Transition to incremental
The discussion so far has got us to a point where we can reliably sync large Postgres tables. This initial sync snapshots the data at a certain point in time and copies it to your Destination (e.g. data warehouse). It can still take many hours for a large table. To keep your data up-to-date, it was critical that we transition to an incremental approach so that the next sync will only operate on changed data.
Unfortunately, the CTID approach that got us here can not take us forward. Due to the fact that the CTID points to a physical address on the disk, it is prone to change and is not a permanent marker we can use. For example, Postgres could `VACUUM` later, which would change the arrangement on disk. What we need is something that is reliably increasing over time.
Once the initial load is done, Airbyte can use CDC, xmin, or a user column. In each of these cases, it depends on a reliable cursor to be able to find data that has changed.

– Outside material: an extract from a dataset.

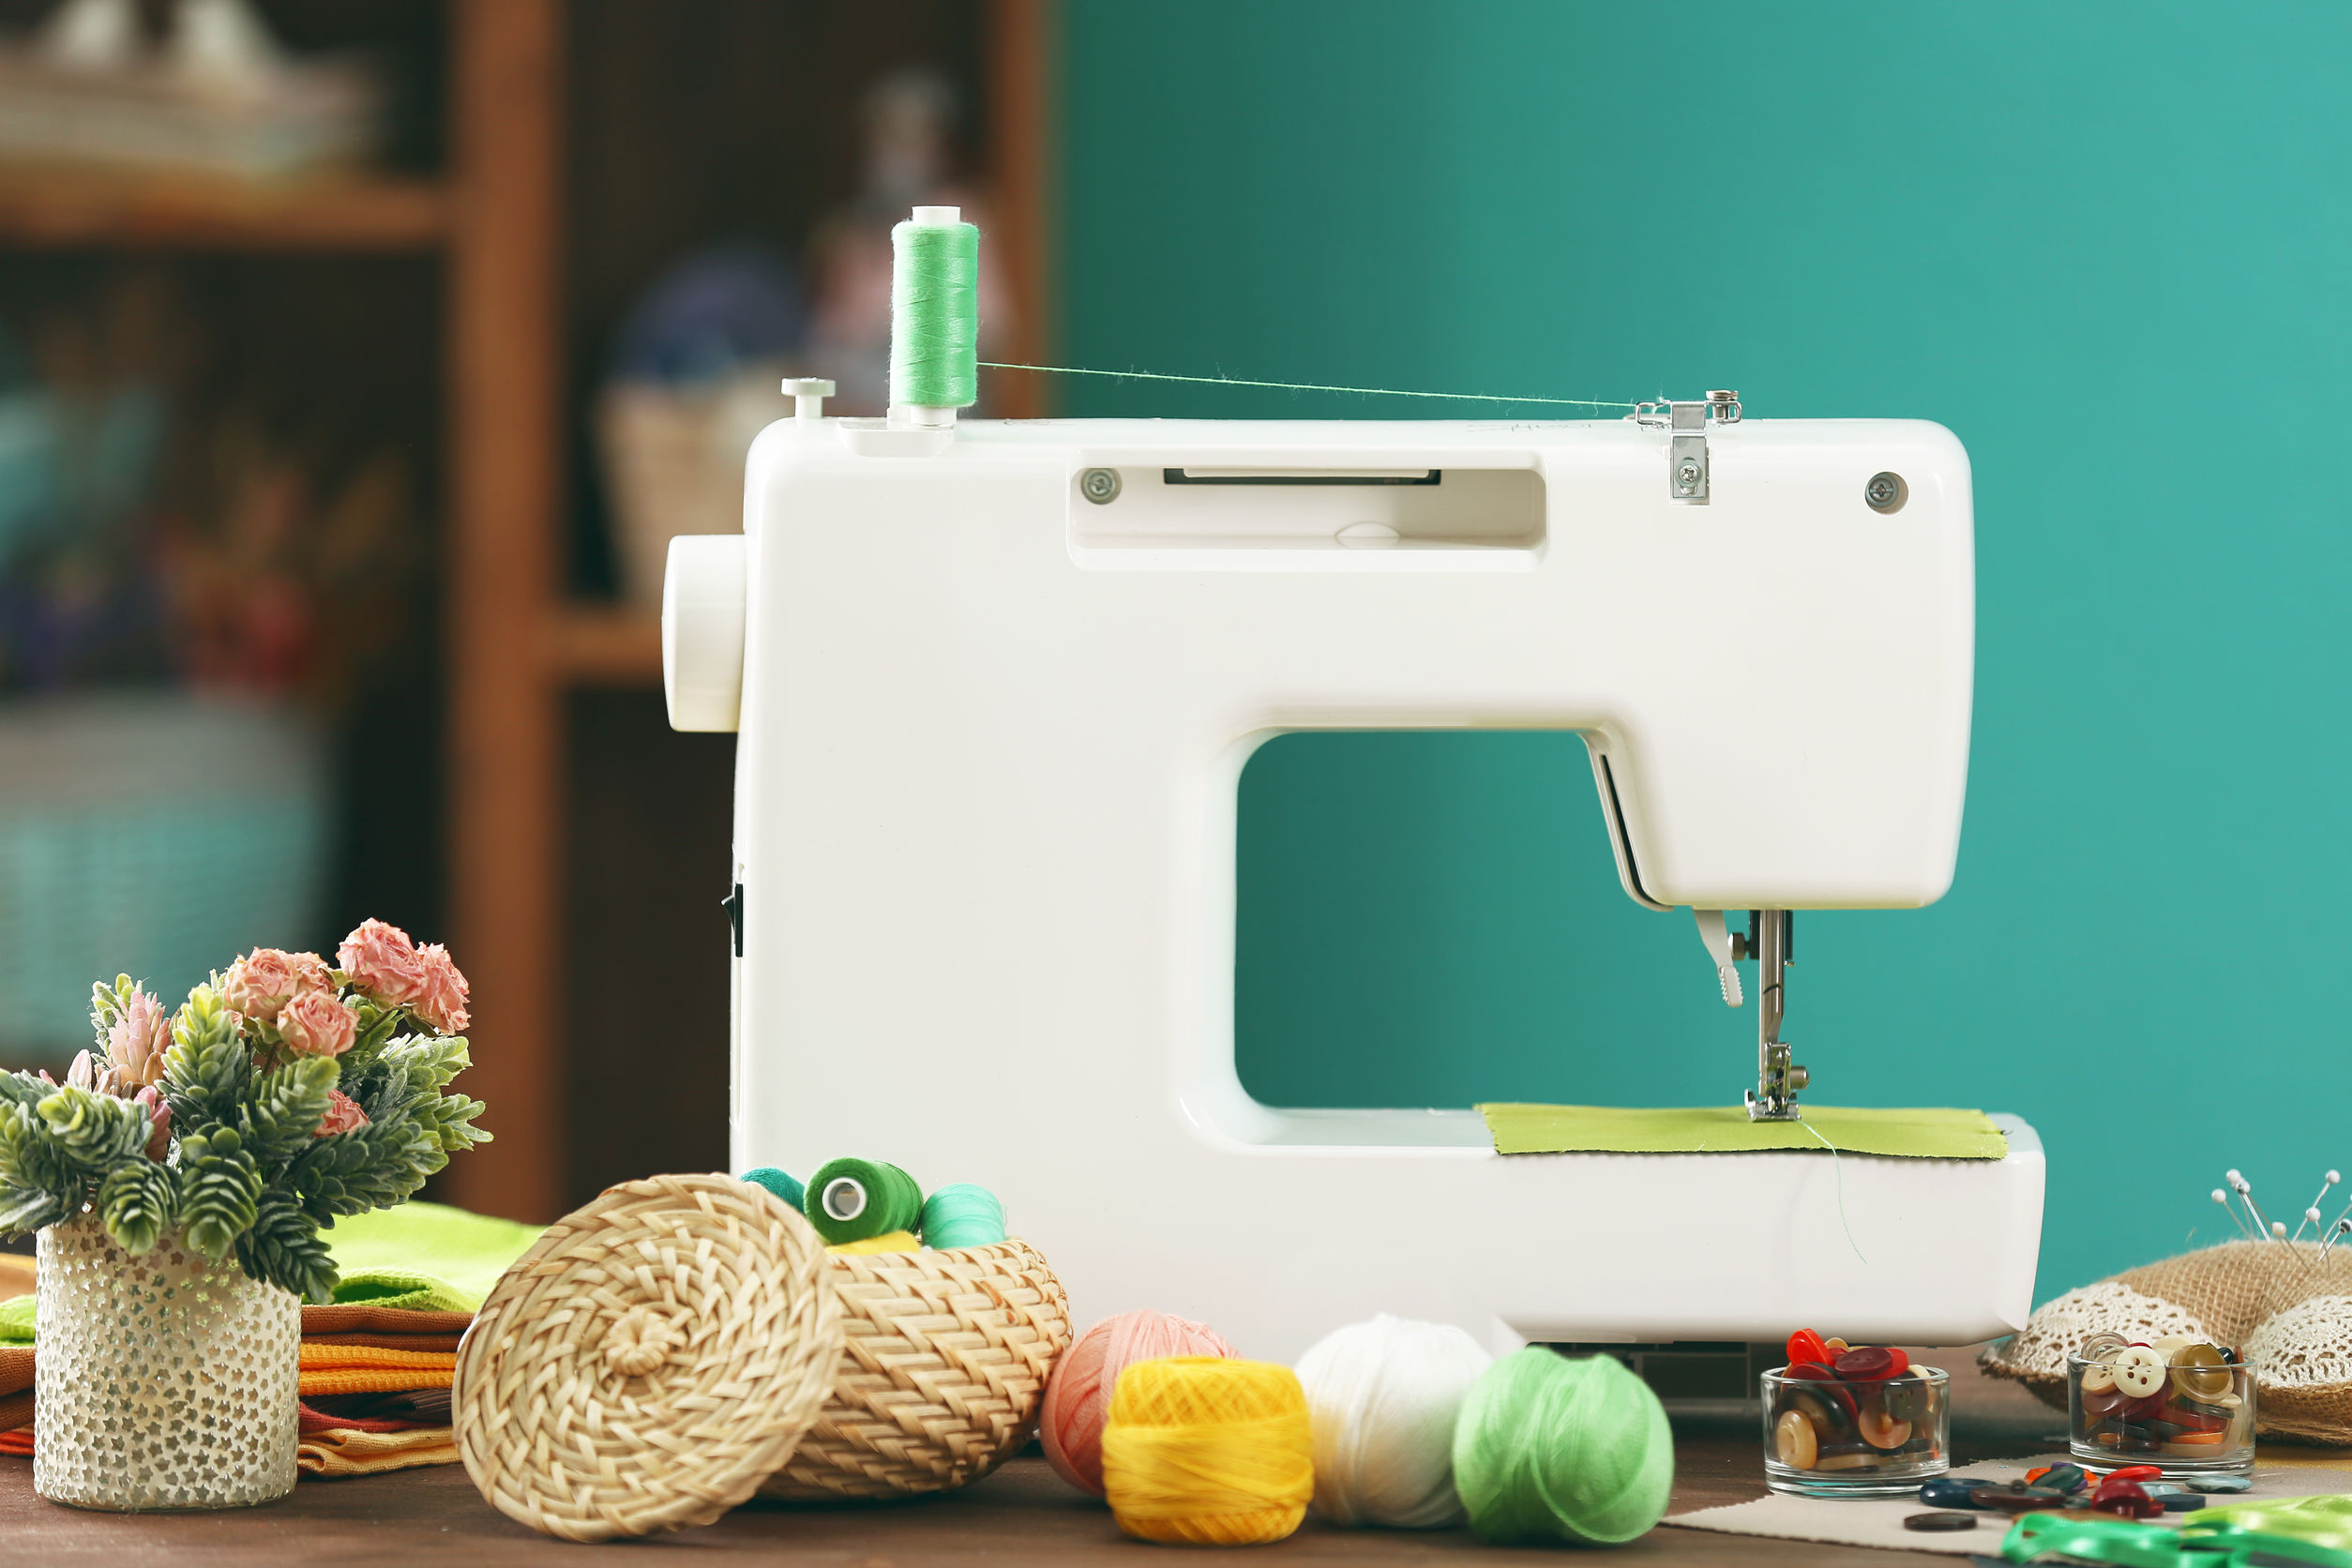 Máquina de coser Brother: ¿Cuál es la mejor del 2020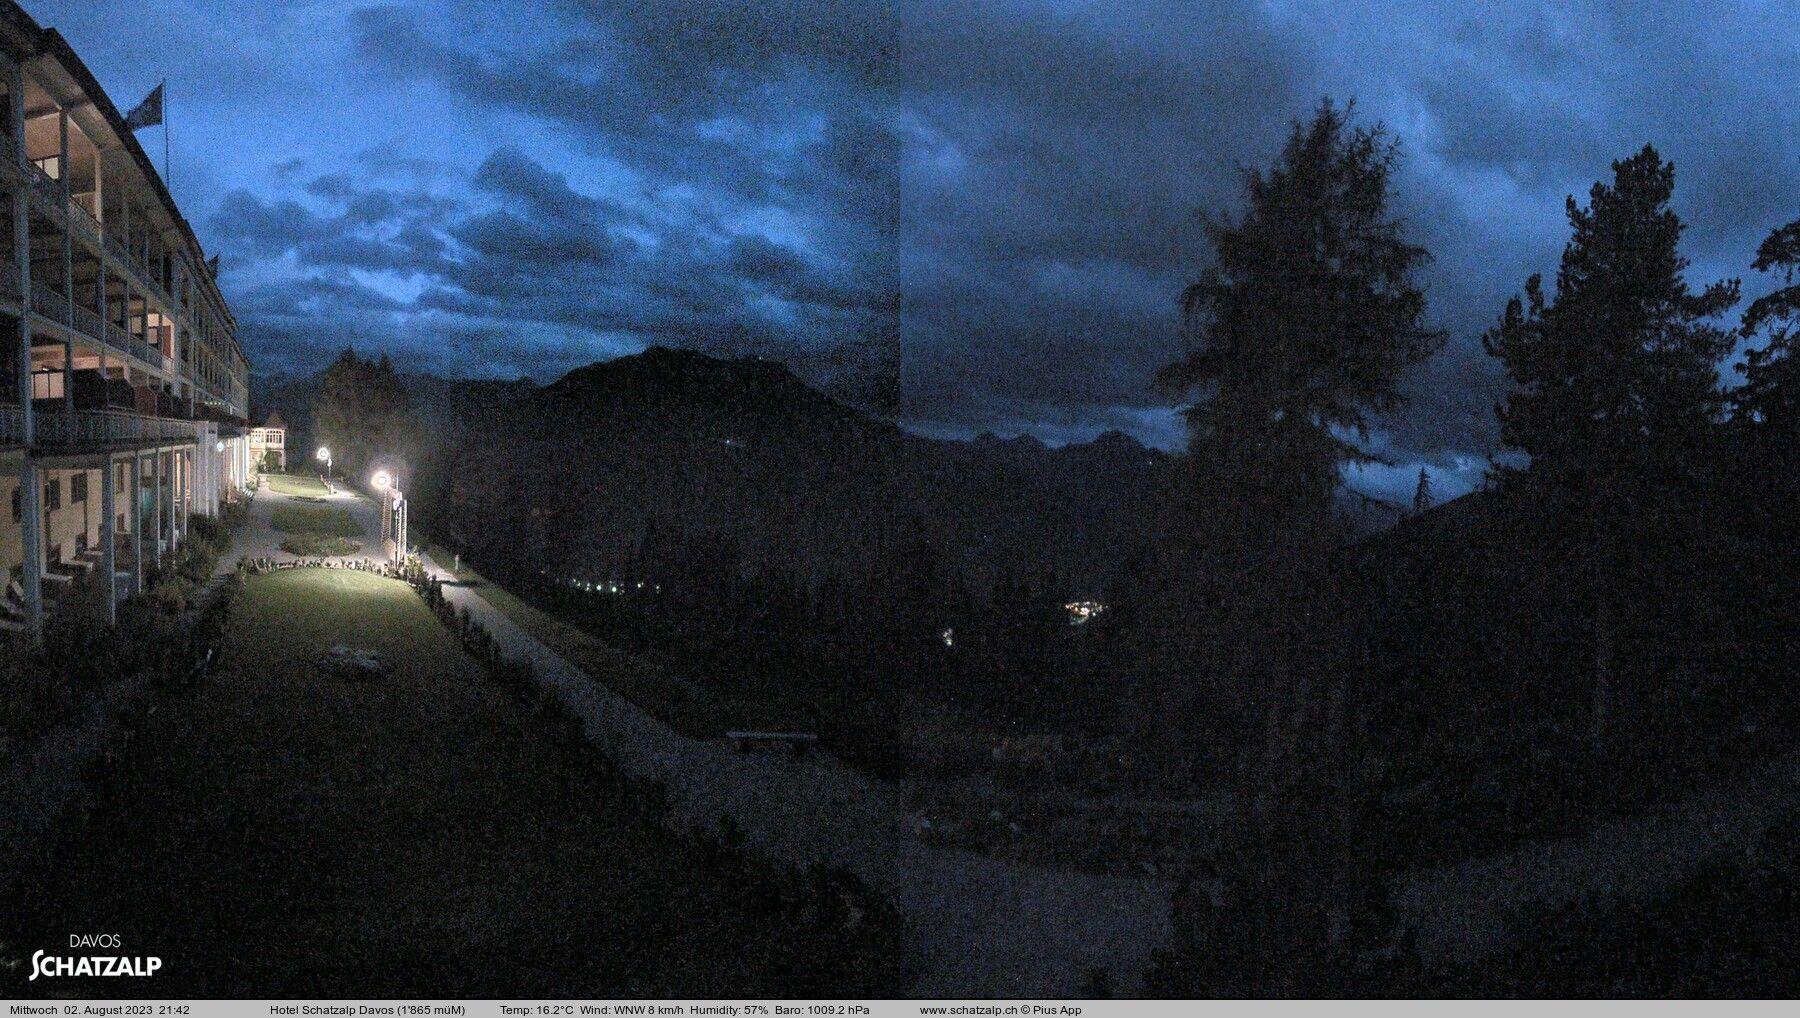 Davos: Schatzalp Panorama Hotel

- CDC saves the Log Sequence Number (LSN) in the Write Ahead Logs (WAL). This is nice because it also handles deleted rows and can handle very large tables efficiently.
- xmin saves the current `pg_snapshot_xmin()` of the current database and uses that to query the next time.
- User column is often filled out by the application in the form of a timestamp. Airbyte can run a query like `SELECT * FROM some_table WHERE udpated_at > {last_time}`.
Measure, Measure, Measure
This may come as no surprise, but an important lesson we learned was to continuously test how our assumptions about database behavior measure against real-life scenarios. It was also important to run those tests on various table sizes. In some cases, the actual behavior changes when table sizes cross a threshold.
The first step was to profile our running Java code to find bottlenecks using aysnc_profiler and other tools. This led to improvements in speed and memory management.
We also created a harness to be able to sync any given database and test its throughput and reliability. We created a dashboard to track our progress (up and to the right!) and monitored it for changes. We also run this through continuous integration (CI) on all code hoping to be updated to verify that things keep moving in the right direction.
Conclusion
Airbyte has released an approach to PostgreSQL that allows us to read unlimited amounts of data without putting the server under stress. This method is based on the following principles:
- Read the data in its natural order to increase performance
- Don’t attempt to read everything all at once
- Use checkpoints to allow for continuous replication in case of an error
- Switch to an incremental approach after the initial snapshot
- Continuously measure performance and make adjustments as needed
This method allows Airbyte to handle any size of table in a linear order. This means that the more rows of data that exist, the longer it will still take to read them. However, there is no need to increase database resources such as memory or disk and we can do so reliably every time.We are excited to apply the approach and learnings to other databases such as MySQL and MongoDB.